He became one of the protagonists of the nebulous Jubillar affair, named after the nurse who disappeared in December 2020 in Cagnac-les-Mines (Tarn). Because “Marco” would have stayed in the cell next to that of her husband, Cédric Jubillar, indicted for “murder” for a little less than a year.

Investigators suspect the plasterer painter of having killed his wife Delphine who wanted a divorce and had a lover. But until then, Cédric Jubillar locks himself in his denials. In prison, his troubled attitude. And above all, the body of the young nurse remains untraceable.

A few months ago, when the investigators collected the secrets of “Marco”, they finally believed they had irrefutable proof of the husband’s guilt. But nothing will go as planned.

This 37-year-old father is a prison regular. He spent nearly 15 years behind bars. Between August and October 2021, he is the cell neighbor of Cédric Jubillar, at the Toulouse-Seysses remand center.

Shortly before his release, he made revelations to investigators, who still raise questions today. The former detainee would have received disturbing confidences from Cédric Jubillar, even confessions. The Tarn would have told him of having killed his wife before hiding her body in a burnt farm.

Would “Marco” have rigged up to benefit from a reduced sentence?

In Le Parisien, the interested party, who has since moved to Portugal, speaks “for the first and last time”. “Let things be clear: I am not a libra who would have cashed in on his information in return for I don’t know what early release and who would have acted in his personal interest”, he assures, adding that he acted “in the hope that the truth will come out, and that Delphine’s children will one day know where their mother is”.

In the columns of the newspaper, the former detainee also gives details of his own criminal journey. Convicted of “rape with acts of torture and barbarism”, he spent 16 years behind bars between 2003 and 2016. “It was rape with a blunt object. I was still a minor and I was taken by the group effect in a delinquent environment. It is not a pride, obviously, but I assumed”, reports the thirty-year-old to Parisian.

His criminal record does not end there. Marco was subsequently sentenced for “witness tampering”, and “for two cases of felony threats against prison guards”, he explains. This is how he ended up in the Seysses remand center, alongside Cédric Jubillar, in the fall of 2021.

On the spot, he feels that the plasterer painter has made enemies, but he has not heard of the affair that bears his name, and introduces himself. They discuss through interposed bars.

“I feel like he is trying to get into my brain. He asks me some trick questions about my past. (…) I understand that he is a great calculator, he thinks a lot more than the average of the other prisoners. I also consider him very cultured. But I find that he really talks a lot…”, reports Marco. The detainee is disturbed by this man, who calls his missing wife “the other”, and does not seem affected by the drama. “Even with regard to his children, I never feel the love of a father” he continues.

To have peace, Marco sells him some cannabis, because he knows how to get it in prison. It is there, in the middle of the night, after smoking, that Cédric confides in him for the first time.

Marco recalls: “One night he tells me about when things happened.

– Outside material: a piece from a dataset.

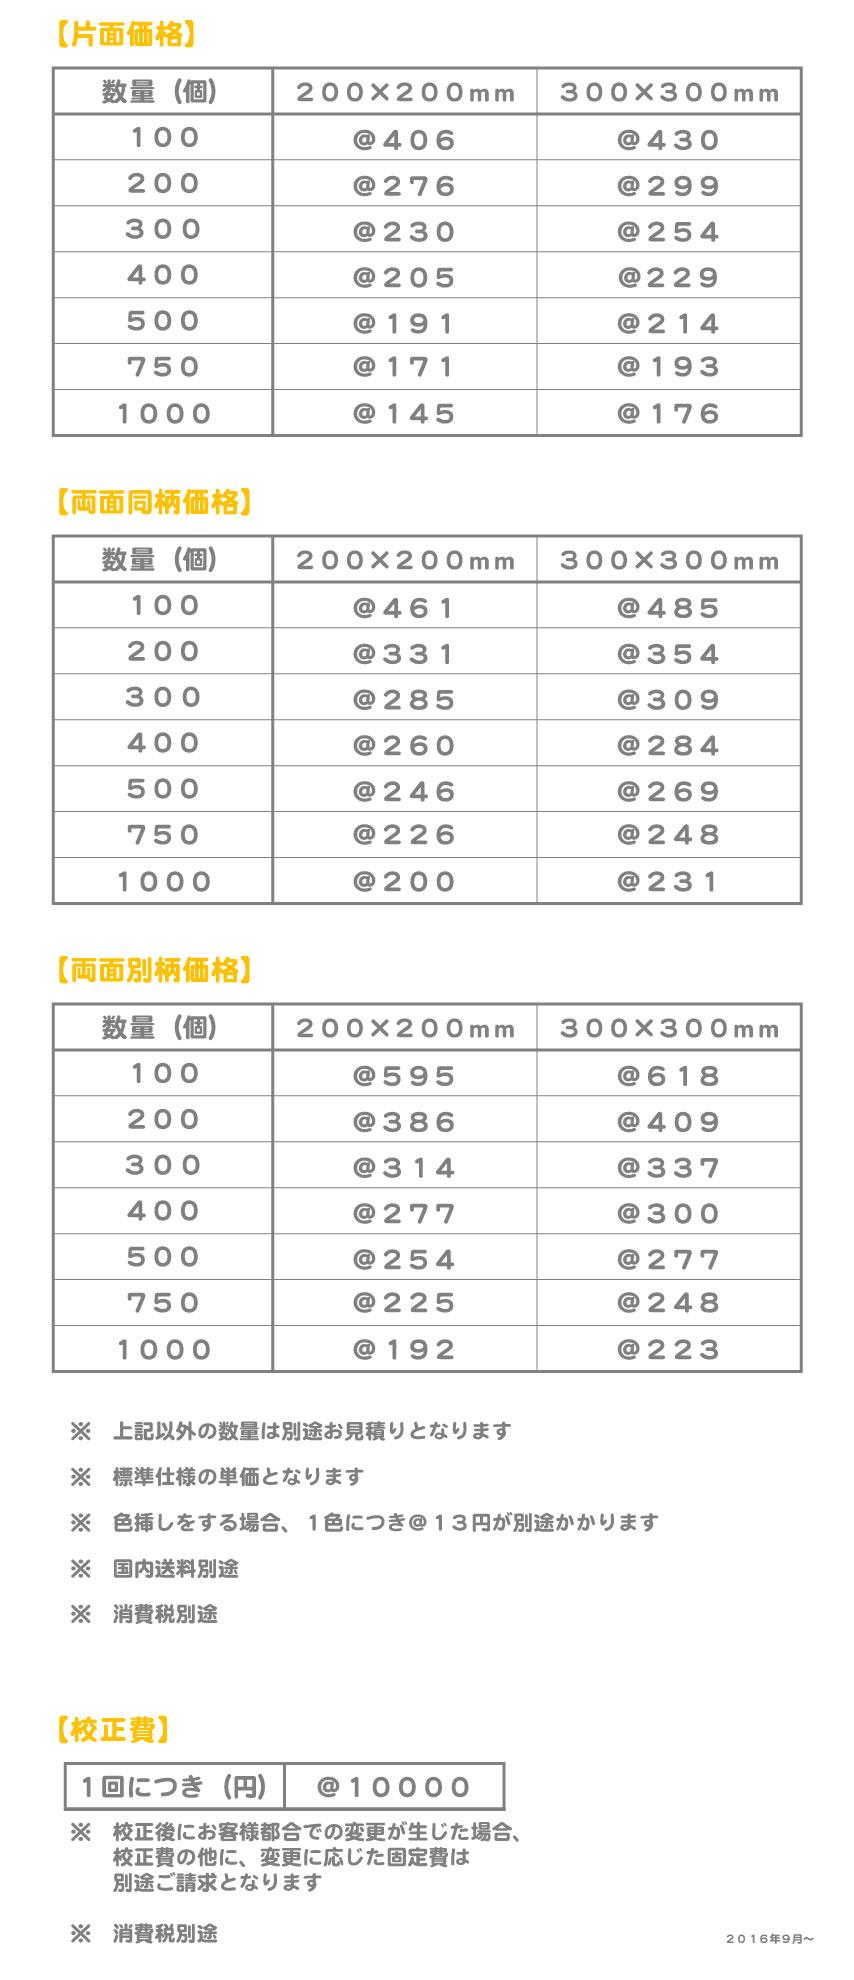 マイクロファイバー価格表

He left his room, he surprised his wife sending messages to his “asshole”, that’s how he spoke of the lover, and that’s when he “twisted “”. But this driver from the prison environment, at first, does not take it seriously.

“He was asking me for details about the burial of corpses… He was worried about the possibility that a buried body might end up being discovered because of the weather or the animals. This is where he tells me that his wife’s body is buried not far from a place that burned. He also speaks to me of two large trees, without giving any further explanations”, says Marco in Le Parisien.

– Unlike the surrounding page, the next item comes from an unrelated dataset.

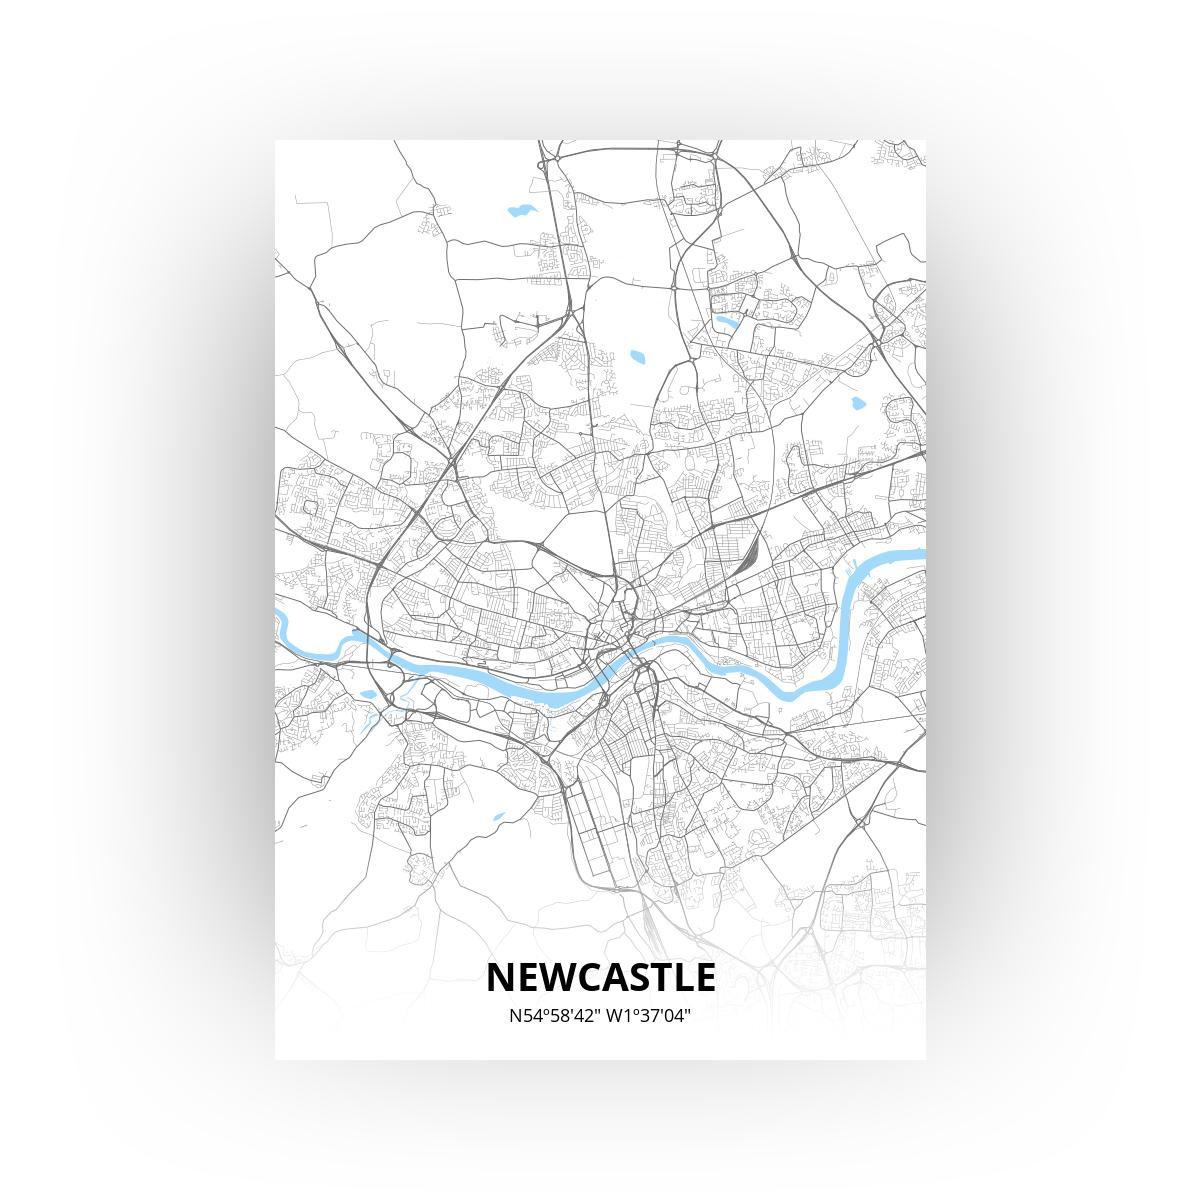 Newcastle poster - Zelf aan te passen!

And then, the idea germinates in his head of obtaining a precise confession from his sidekick, so that, perhaps, he can finally find the body of the missing nurse.

“I suggest he deflect suspicion not towards Delphine’s lover, which wouldn’t have made much sense, but rather towards the lover’s wife. I tell him that if the body is discovered next to their home, with traces of DNA and blood that we could pick up in their garbage cans, it will necessarily be cleared”, continues the 30-year-old, who then wants to push his cell neighbor to give precise indications on the place where Delphone rests.

Marco’s release is approaching. Cédric Jubillar would then have told him to contact Séverine, his new companion, and even gave him coded letters to send to him.

“A few days later, towards the end of September, I felt compelled to tell all this to a person who works in the prison intelligence service. It is she, then, who makes the link with the gendarmes”, explains Marco.

These revelations, Cédric Jubillar assures that he never made them to Marco, or to anyone.

On May 12, a legal confrontation was organized between the two former cell neighbors. “Cédric did not deny having spoken to me, but he dodged a lot of questions by saying that it was I who had misinterpreted some of his remarks,” commented Marco in Le Parisien. “For the most embarrassing phrases, like ‘I twisted and got rid of her’, he replied, ‘I may have said that, but it was a joke.’ But I was present when he said these words and I can say that he was not laughing at all”, concludes the former prisoner.